When using the world style variable (I prefer “universe” style, where you can define more values than you need and thus when you are debugging with fewer replica you won’t get an error) each partition will write its own (single) restart file and then will read it back and restore the state of the colvars fix with the correct replicaID from the binary restart file.

1 Like

i knew there was some clobbering going on but it was my scripts not lammps code, my apologies.

my preference would be the thermo variable part so there’s no need to define a world or universe variable and it’s scalable without editing input script for many different nodes setups (16x40, 32x48, 32x32, 48x64, 20x80) on the 5 clusters i have access to. i also want to measure pmf convergence rates for different configurations on a given cluster (eg. 20x80 vs 10x160 vs 40x40 vs 80x20 …)

i tried two different ways but i cant access the partition information in the script. it has to be available somehow because lammps knows how to write to screen.[0,1,2,…] log files ?

ERROR: Variable evaluation before simulation box is defined (src/variable.cpp:2309)
Last command: read_restart colvars-lj-$(part).restart

ERROR on proc 0: Substitution for illegal variable part (src/input.cpp:666)
Last command: read_restart colvars-lj-${part}.restart

for now ill go with:

variable replicaID universe 0 1 2 3 4 5 6 7 8 9 10 11 12 13 14 15 16 17 18 19 20 &
  21 22 23 24 25 26 27 28 29 30 31 32 33 34 35 36 37 38 39 40 &
  41 42 43 44 45 46 47 48 49 50 51 52 53 54 55 56 57 58 59 60

read_restart   colvars-lj-${replicaID}.restart

neighbor        0.3 bin
neigh_modify    delay 0 every 20 check no

fix 1 all nve
fix 2 all colvars colvars-lj.colvars & 
    output colvars-lj-${replicaID} seed $(v_replicaID+1)

the $(v_replicaID+1) instead of ${replicaID} is needed otherwise i get a zero seed error:

ERROR on proc 0: Invalid seed for Park random # generator (src/random_park.cpp:34)
Last command: fix 2 all colvars colvars-lj.colvars output colvars-lj-{replicaID} seed {replicaID}

This error message is self-explanatory.

This is bogus, since you have not define a variable “part”.
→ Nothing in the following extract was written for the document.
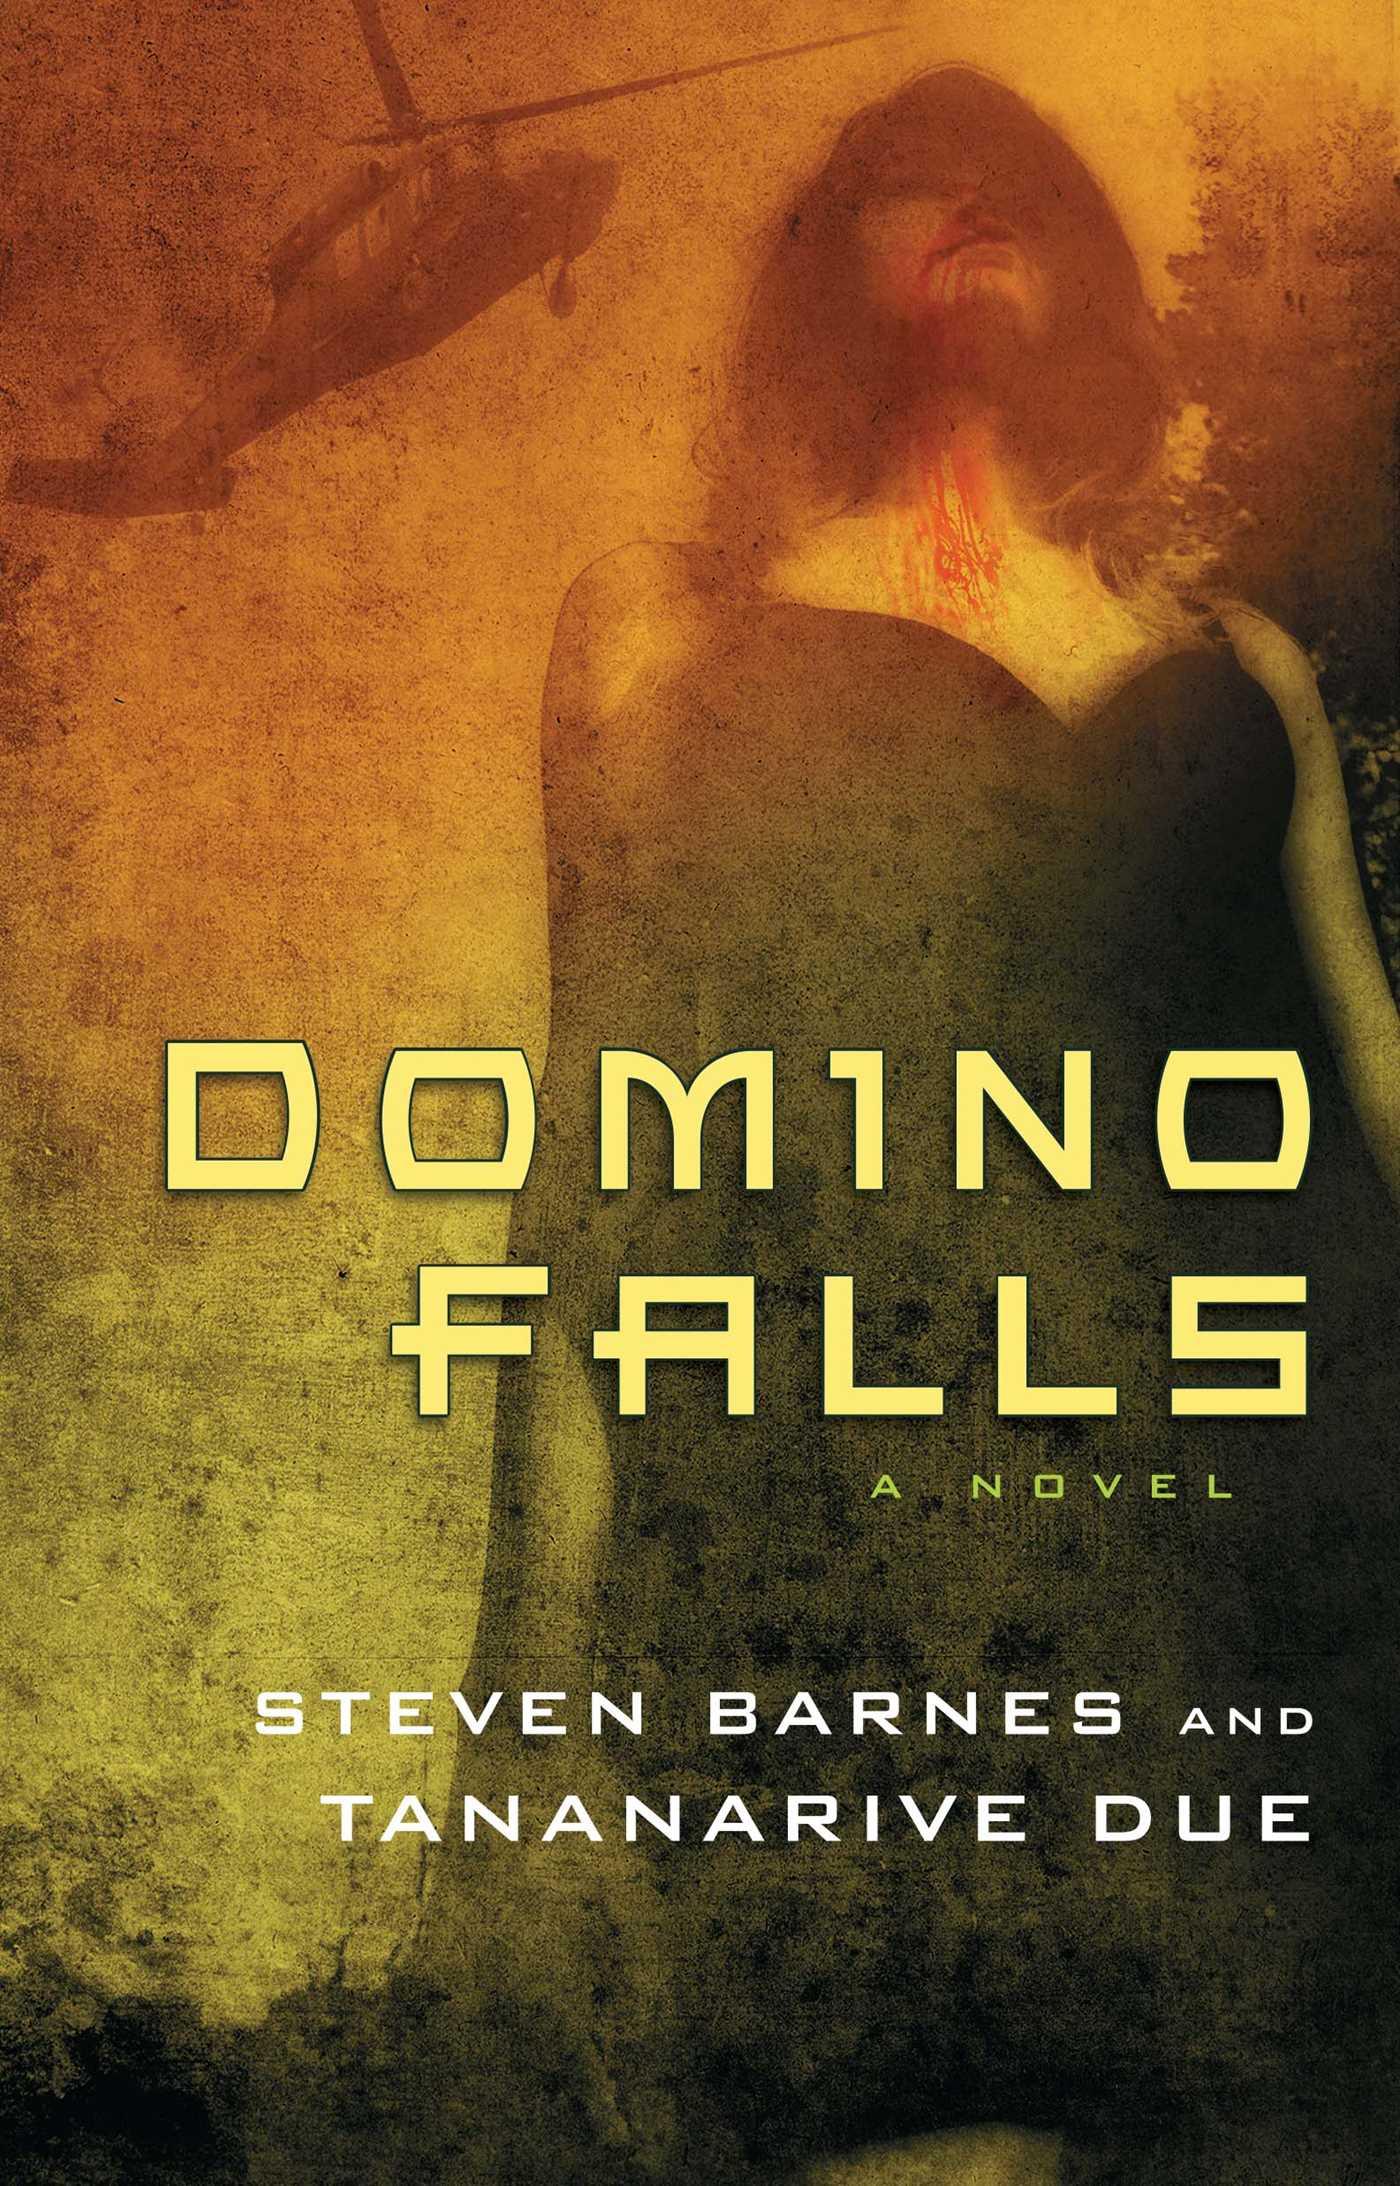 Domino falls 9781451617023 hr
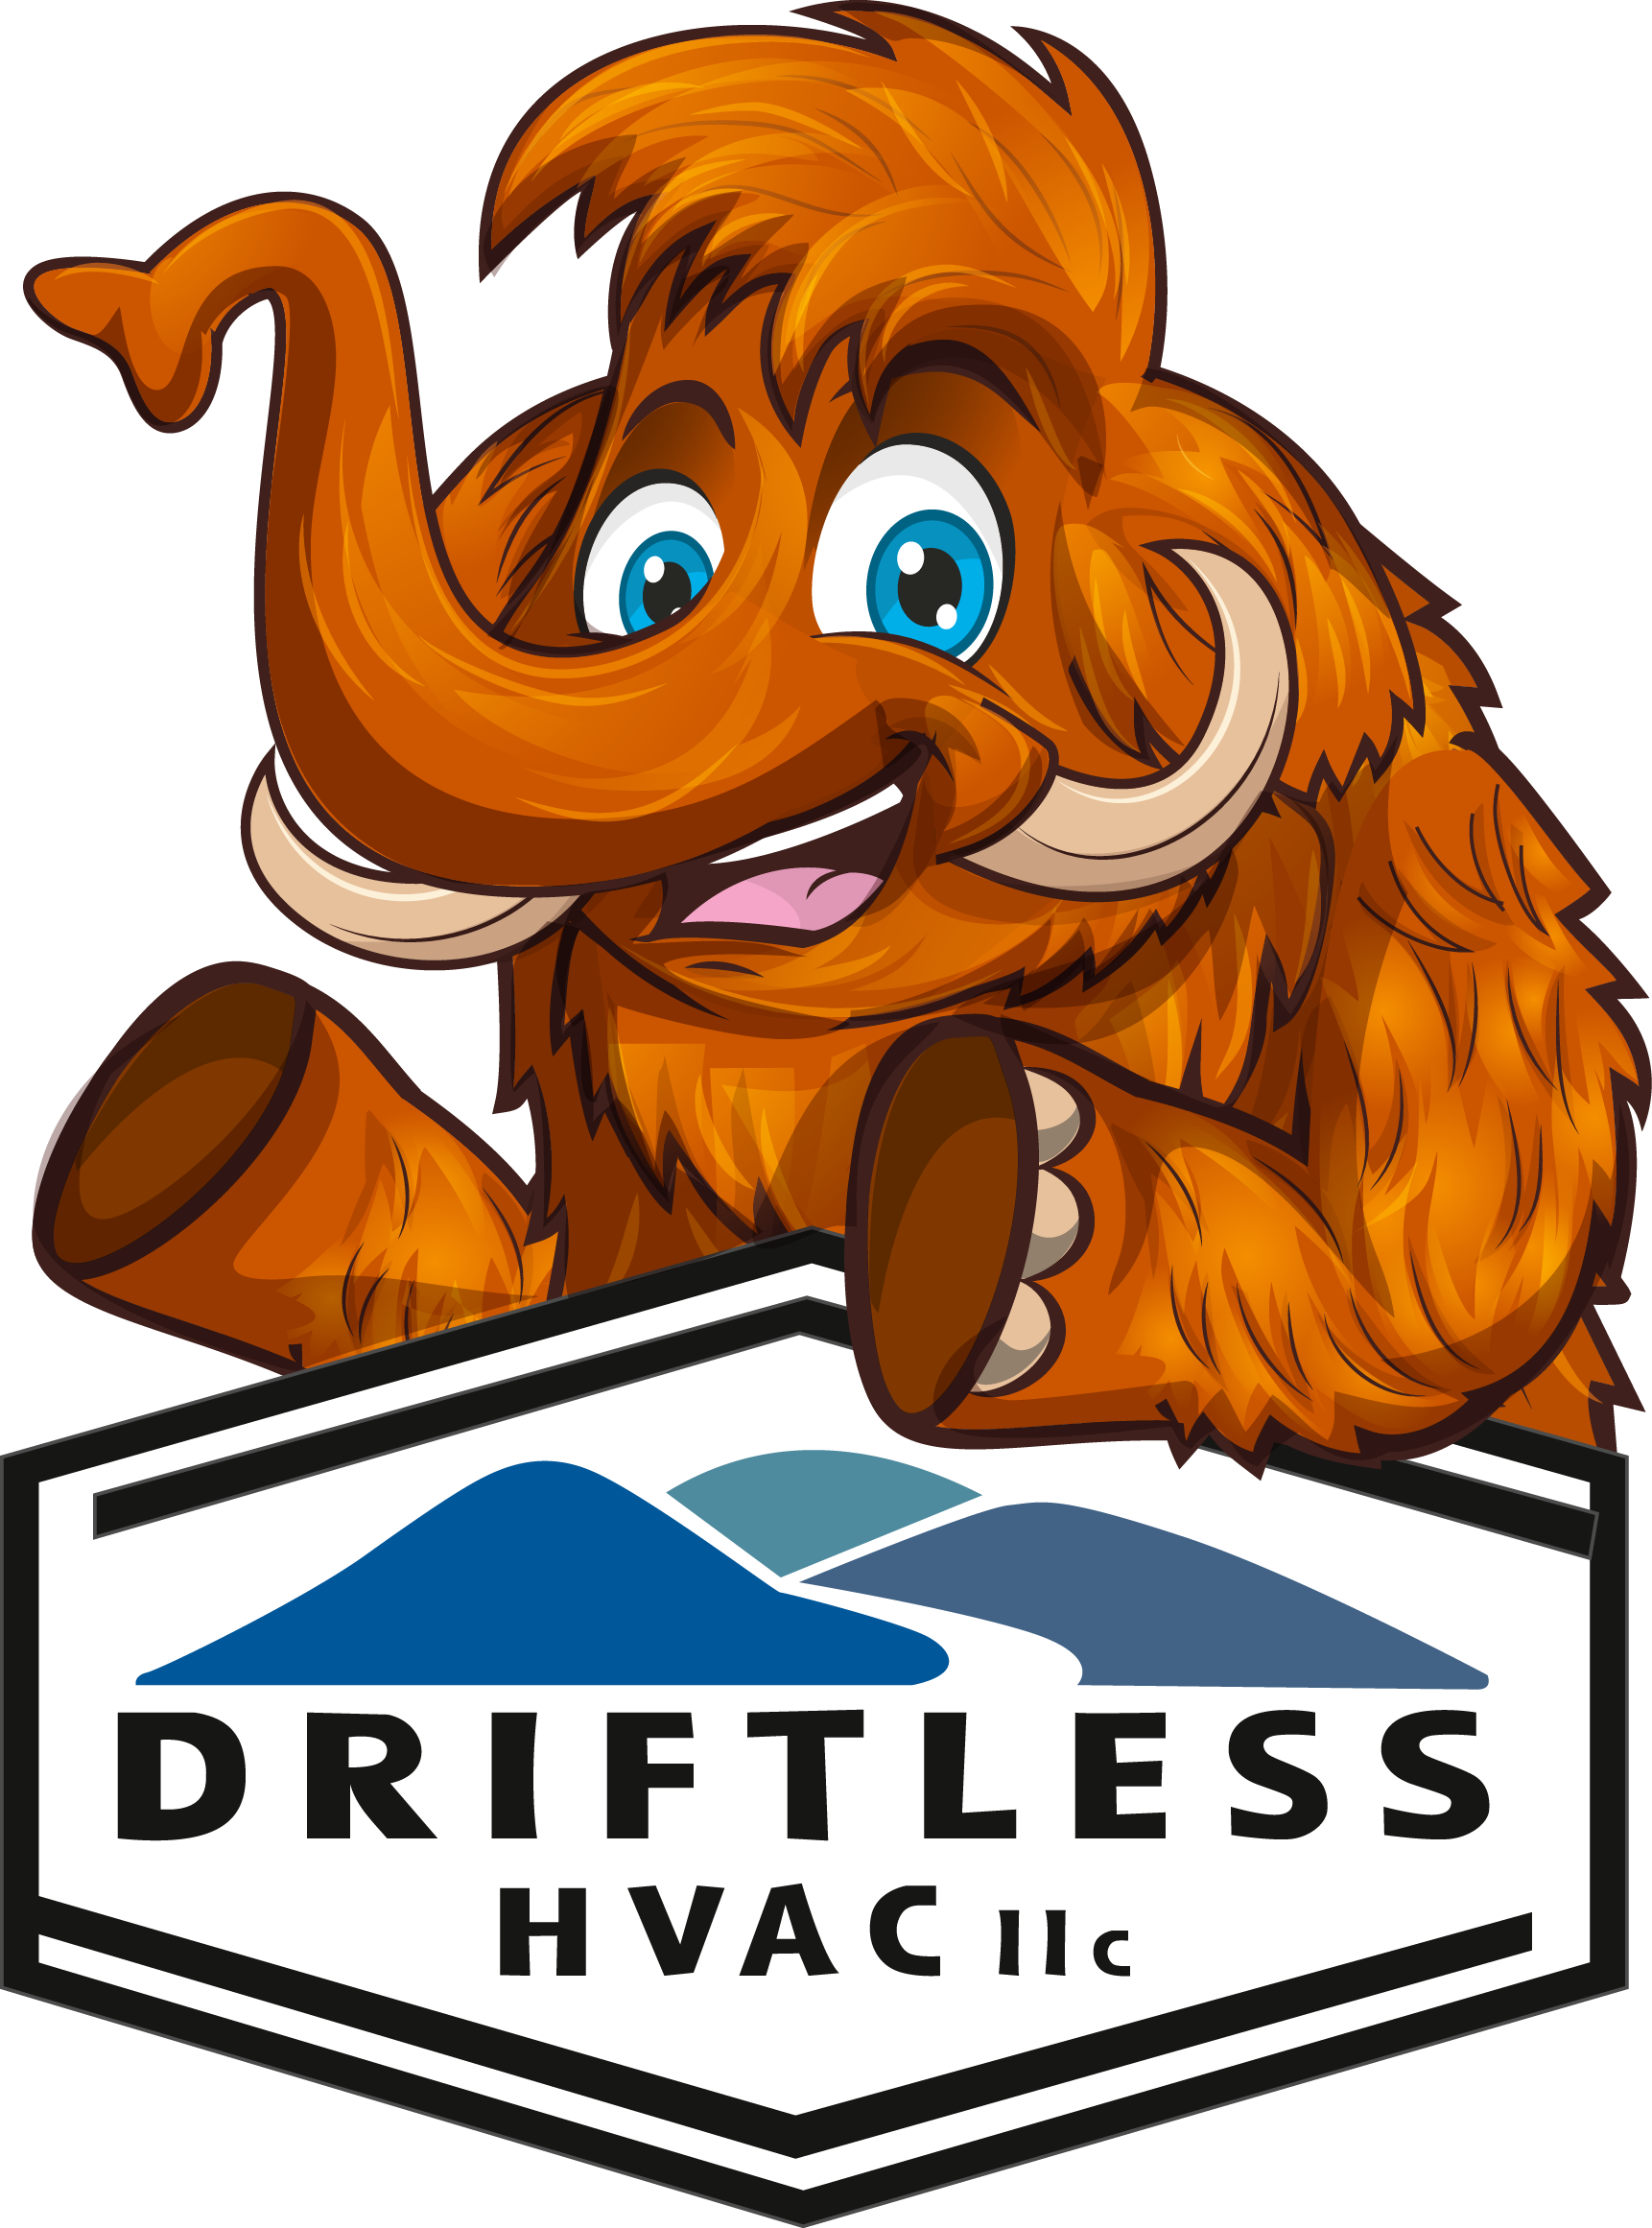 Driftless Hvac Llc.

LAMMPS doesn’t use variables to set the replica ID of output file, thus it is not subject to the restrictions on variable evaluations before the system box has been created. Lots of things in LAMMPS must be done after the box is defined and very few things can be done before.

1 Like

@alphataubio Did the simulation run correctly (i.e. writing state files for each replica)?